Darwin and the Split between Natural and Sexual Selection
« Go Back
April 1, 2009, 7:00-10:00 p.m. Power Center Ballroom
Sponsored by the Office of the Provost
Elizabeth Grosz is a philosopher who currently holds the position of Professor of Women's and Gender Studies at Rutgers University. In 2004 she published The Nick of Time: Politics, Evolution, and the Untimely which explores the lasting effects of the theories of time developed by Darwin, Nietzsche, and Bergson. Grosz argues for re-addressing Darwin’s emphasis on dynamism and the imperative to change in terms of its profound philosophical implications, particularly in the arena of social activism.

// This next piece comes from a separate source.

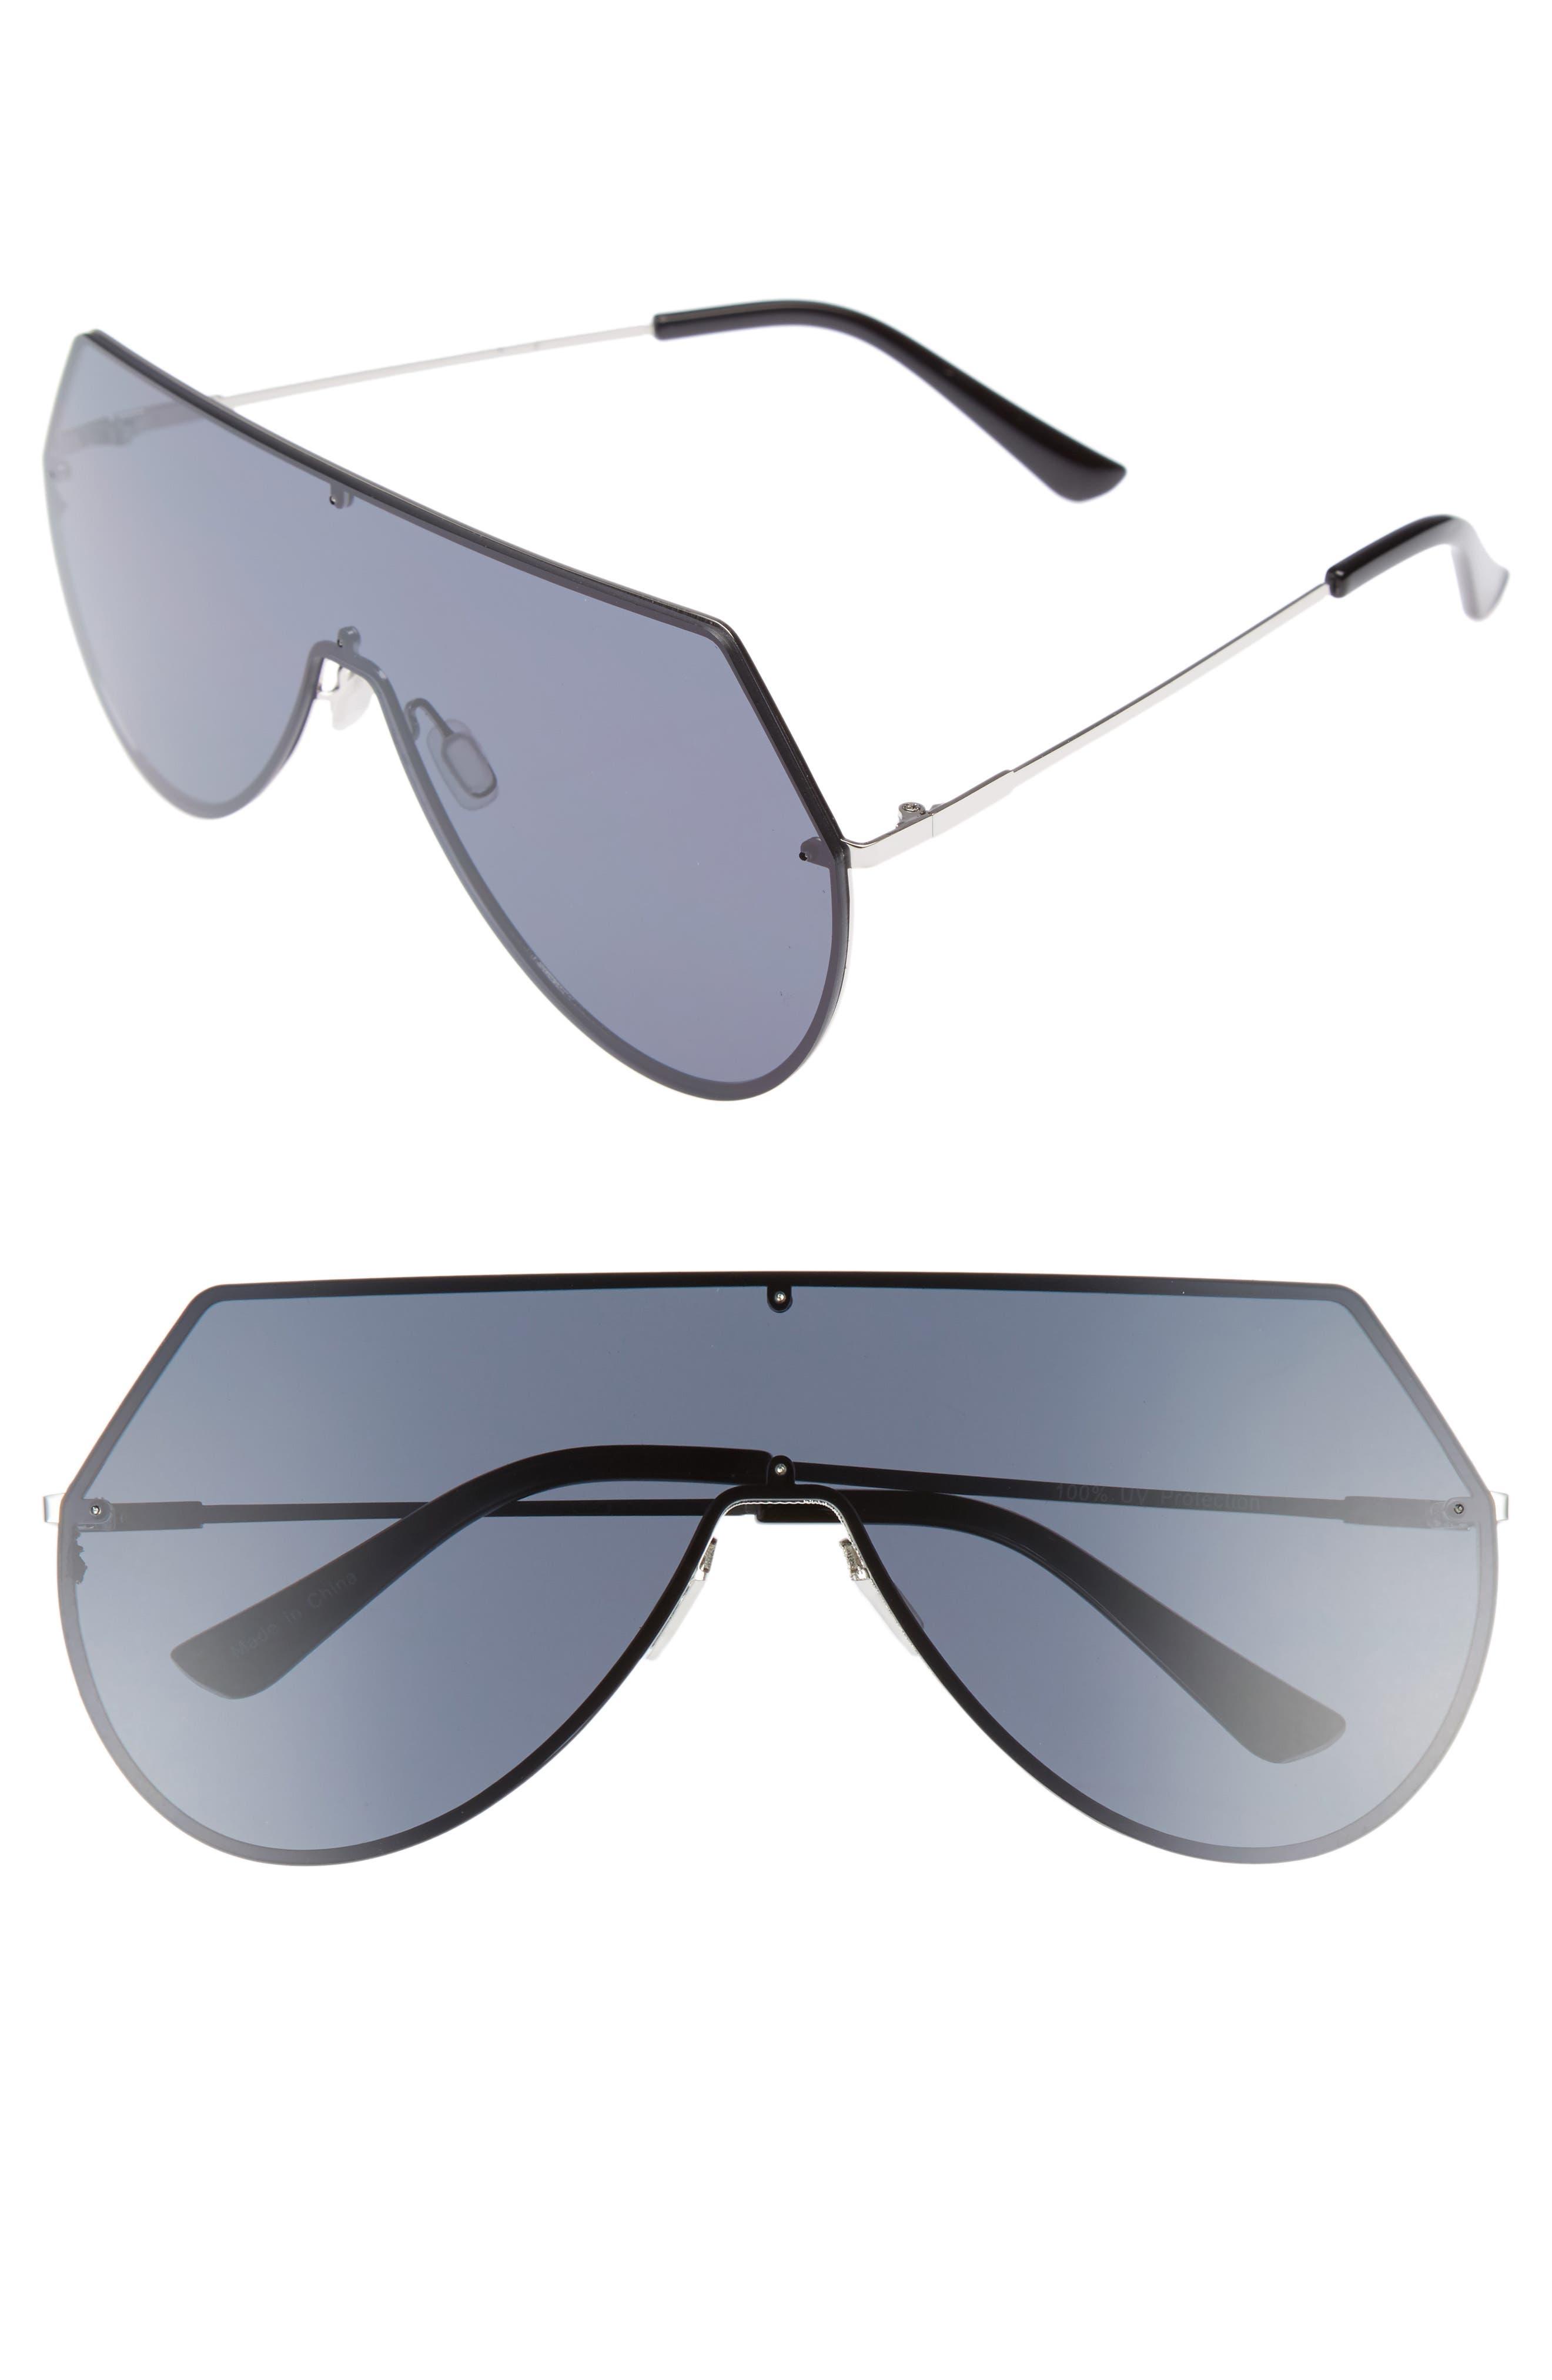 55mm Shield Sunglasses,                             Main thumbnail 1, color,                             001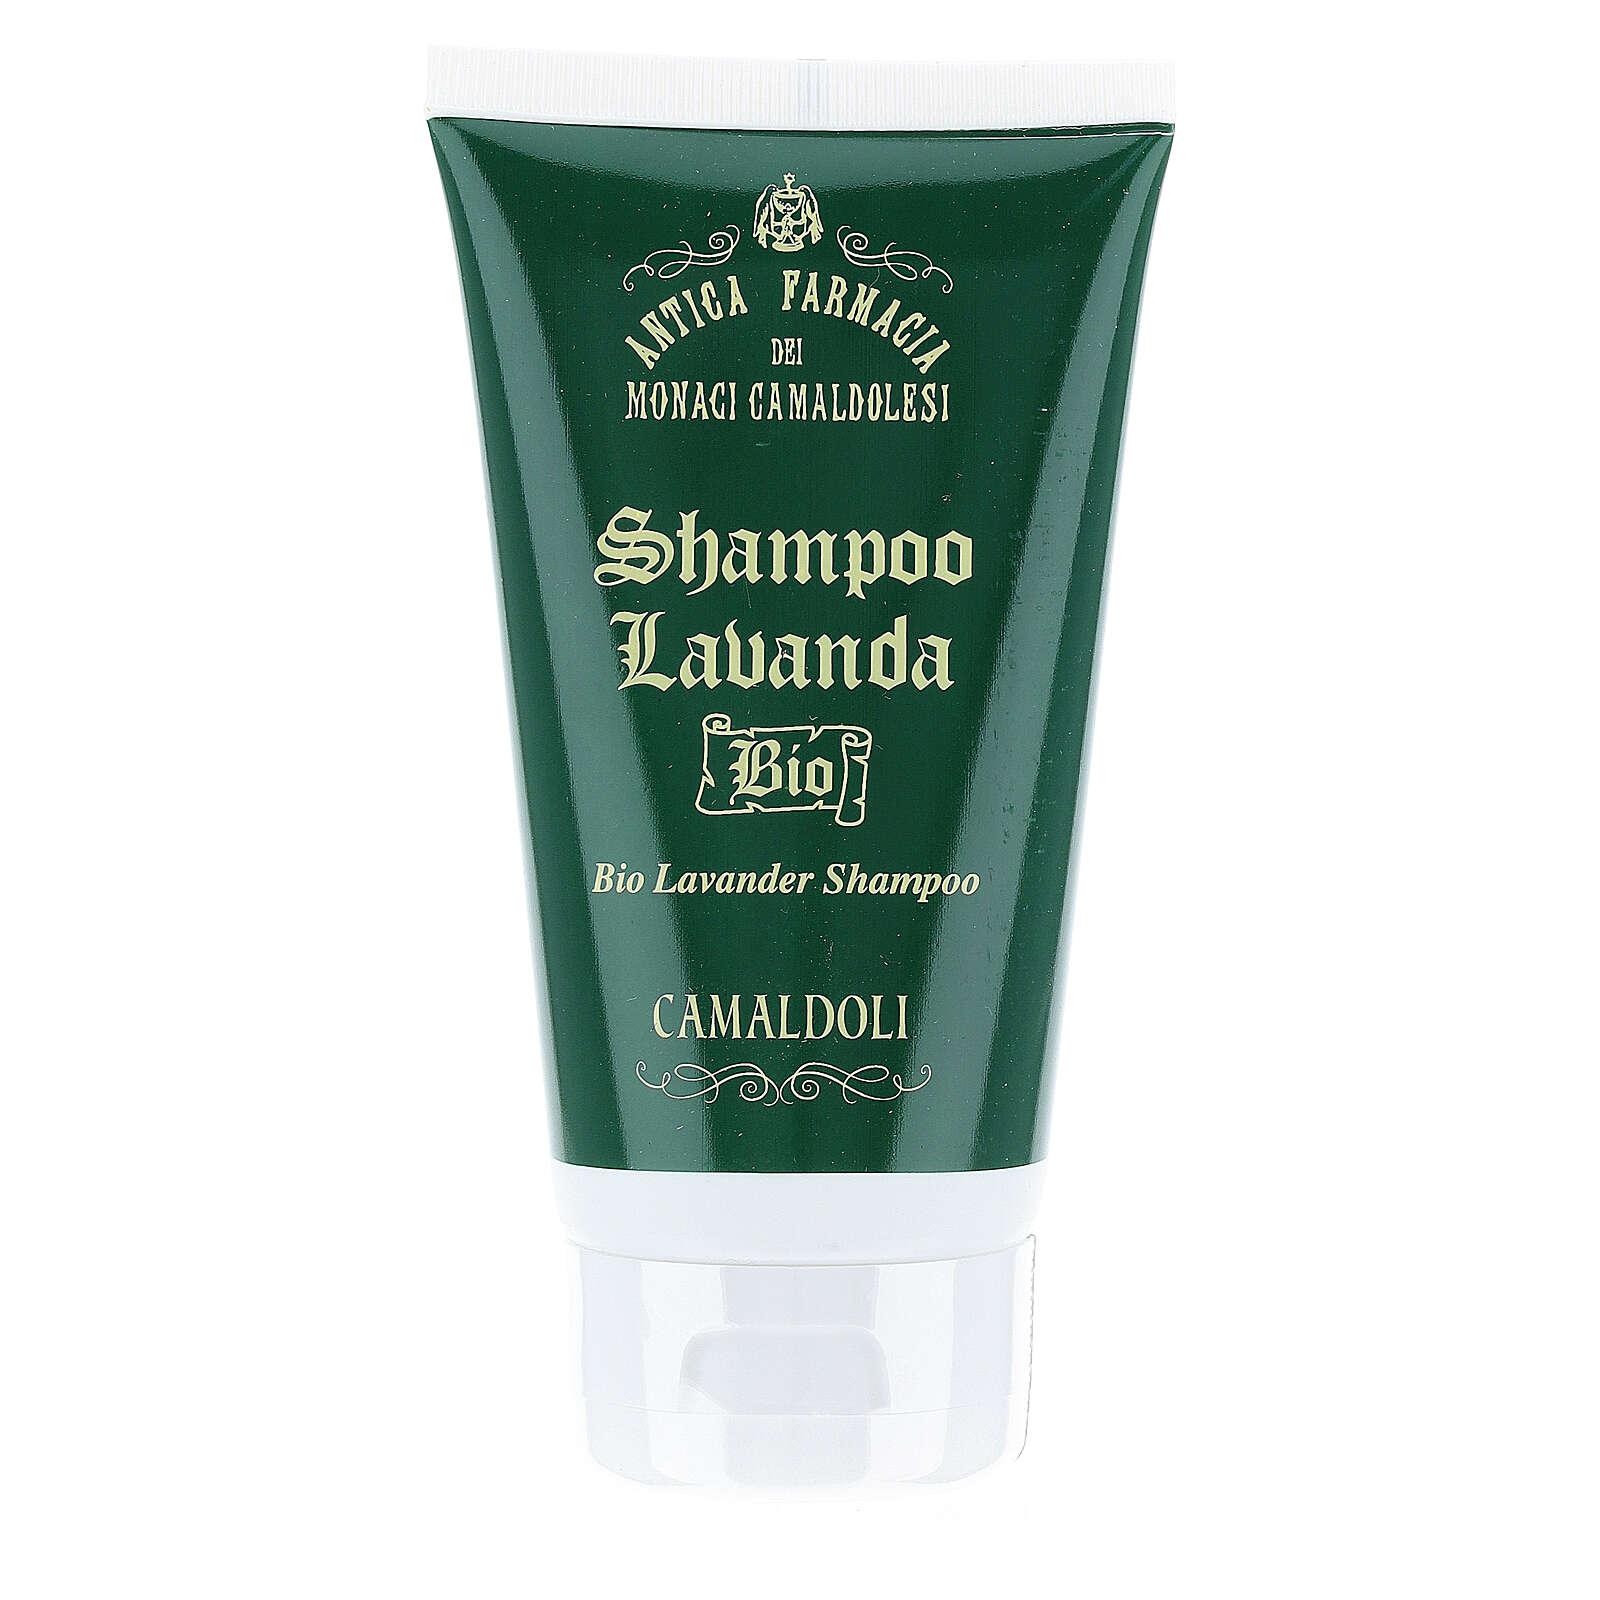 Shampoing Lavande Bio BDIH 150 ml Camaldoli 4

Abstract: Charles Darwin very carefully distinguished natural selection, also known as the survival of the fittest, from sexual selection, the ability to attract possible sexual partners, by devoting a separate major text to each of these concepts. This distinction, while broadly acknowledged in much of contemporary biology, is nevertheless, generally treated reductively. Sexual selection is commonly regarded as a sub-branch of natural selection. This talk will explore the ways in which these two principles, in their conceptual separation, are necessary to understand the sometimes non-adaptive derangements that sexuality entails within animal and human, natural and cultural existence.